I kept seeing "OpenAI-compatible" stamped on projects that have nothing to do with OpenAI. Ollama. vLLM. LM Studio. Most of the local model tools I run on my own hardware. None of them are OpenAI, yet they all advertise the same compatibility badge. So I went looking for what that badge actually means, and the answer turned out to be more interesting than I expected.

There isn't one OpenAI API spec. There are two formats, they serve different purposes, and the one everyone copied is not the one OpenAI now tells you to use.

Two formats, not one

OpenAI exposes two main ways to send text and multimodal requests to its models. The older one is the Chat Completions API. The newer one is the Responses API, introduced in March 2025 and now recommended for new projects.

This distinction matters because of a quiet mix-up I see all the time.
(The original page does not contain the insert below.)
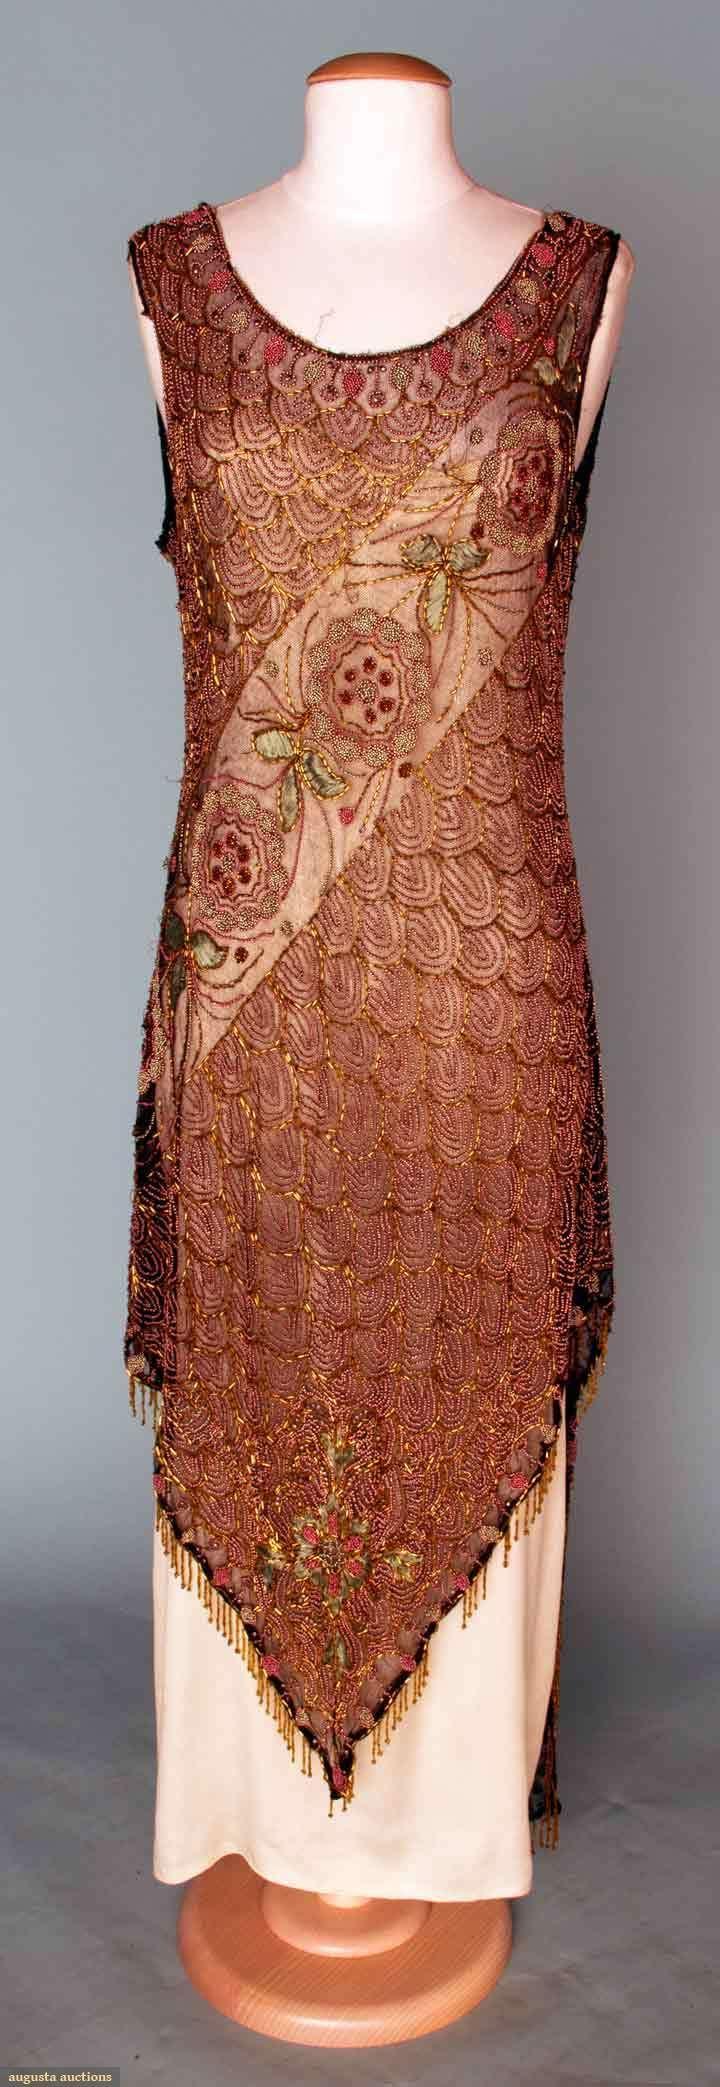 1920's art deco style dress.

When people say a tool is "OpenAI-compatible," they almost always mean Chat Completions. That's the format the rest of the industry cloned. The Responses API is the direction OpenAI is steering everyone toward, but it isn't the thing that became a standard. Knowing which one you're talking about saves a lot of confusion.

Let me walk through both, then get to why this happened and whether you should care.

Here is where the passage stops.